There are various BSOD messages. The most common is “IRQL_GT_ZERO_AT_SYSTEM_SERVICE” with a stop code of 0x0000004A. But there are several others.
We thought this might have something to do with the Intel E5 processor bug (http://kb.vmware.com/selfservice/microsites/search.do?language=en_US&cmd=displayKC&externalId=207379...). However, we are using E5 V1 processors, not V2 processors. We updated to the latest Dell BIOS (2.2.3) just in case. It made no difference.
We tried disabling all power settings in the server BIOS, as well as within ESX. This included setting everything to max performance, and disabling C-States. No difference.
We disabled every feature available in the BIOS of the VMs, including all the caching options. No difference.
We use the following settings to enable nested virtualization:
- Hardware CPU/MMU
- vhv.enable = TRUE
- hypervisor.cpuid.v0 = FALSE
We tried using “windowsHyperVGuest” as the guest OS identifier instead of the above settings. Nested virtualization worked fine, but the BSODs still occurred at the same rate.
EDIT: We tried upgrading the VMs from hardware version 9 to hardware version 10. This didn't help.
EDIT: We tried upgrading VMware Tools from version 9.0.0.782409 to 9.4.6.1770165. This didn't help.
We tried enabling CPU performance counter virtualization in the VMs. No help.
We reverted two of our servers to 5.1 and the BSODs went away completely. No other changes were made to the servers or the VMs. Just reverting to 5.1 fixed the problem.
We noticed a dramatic difference in the amount of time it takes the two versions of ESXi to suspend these VMs. ESXi 5.1 suspends these VMs in 2-3 seconds, while ESXi 5.5 takes 30 seconds to a minute. Something very different is definitely occurring during the suspend process. Suspend times in 5.5 are longer whether or not a BSOD occurs.

Our Hardware

Dell PowerEdge R720xd OR Dell PowerEdge R620
BIOS Version: 2.2.3
CPUs: 2 - Intel Xeon E5-2670 0 @ 2.60GHz
RAM: 384GB (24 Matched Dell 16GB DDR3 Synchronous Registered (Buffered) DIMMS)
Controller: PERC H710P Mini 1GB NVRAM
OS Drive: 2 - 240GB S3500 SSD drives in a RAID 1 Mirror (Slot 00 – 01)
VM Storage Drive: 7 - 480GB S3700 SSDs in a RAID5 with a dedicated HS spare (Slot 02 - 09)
1 - Intel 2P X540/2P I350 rNDC
1 - Intel Gigabit 4P I350-t Adapter

The obvious fix is to roll back to 5.1. However, we have completely unrelated issues with 5.1 (a topic for a different post) that we don’t have with 5.5 and would rather stay with 5.5. But these BSODs are a deal-breaker.
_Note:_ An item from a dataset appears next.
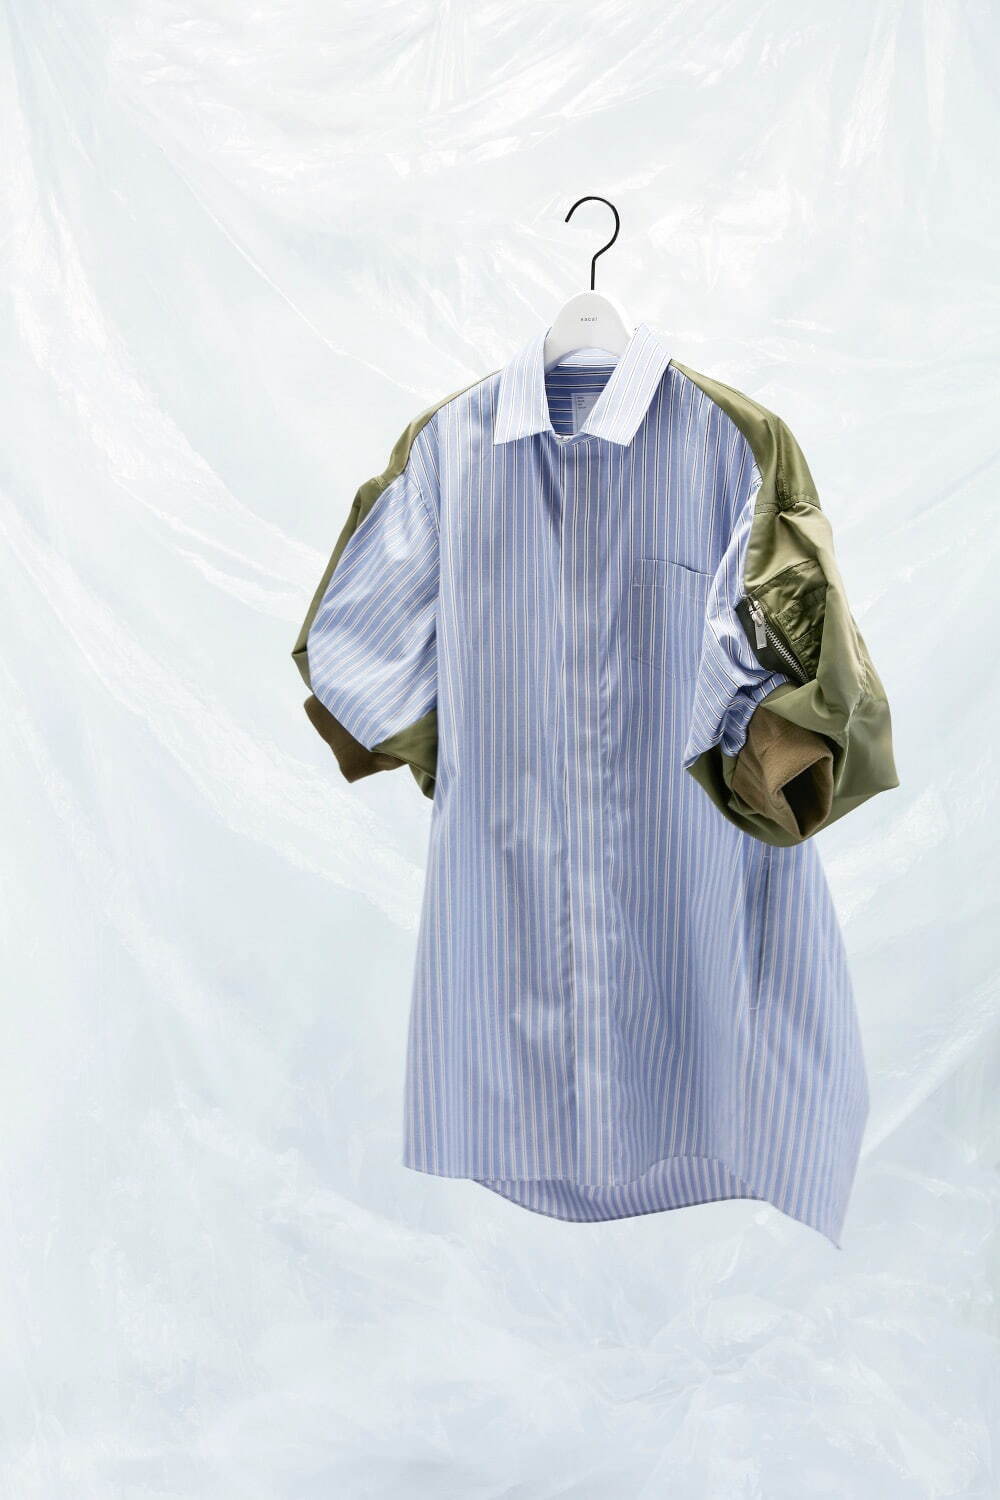 Cotton Poplin x Nylon Twill Dress 69,300円

Any help or direction in resolving the BSODs will be greatly appreciated!

admin · ‎07-21-2014

In some cases, one byte stored in the checkpoint file is stale. This only affects nested guests. When resuming a Hyper-V management OS from a corrupted checkpoint, any of a variety of BSODs may result.

You should file a support request for an express patch with a fix for PR 1289485.

View solution in original post

admin · ‎07-18-2014

Can you post a vmware.log file for one of the VMs?

pscott2 · ‎07-18-2014

Log files for a VM that BSOD'd are now attached to the original post. There are 3 files (vmware.log, vmware-1.log, and vmware-2.log), zipped into vmware.log.zip. The BSOD occurred on the second suspend/resume cycle. I powered off the machine after the BSOD, but other than that, there was no further activity on the machine. Happy to provide any other evidence that might be helpful.

admin · ‎07-18-2014

It looks like you have VMware Tools installed in the VM. The BSOD seems indicative of an in-guest driver bug, and it could be related to VMware Tools.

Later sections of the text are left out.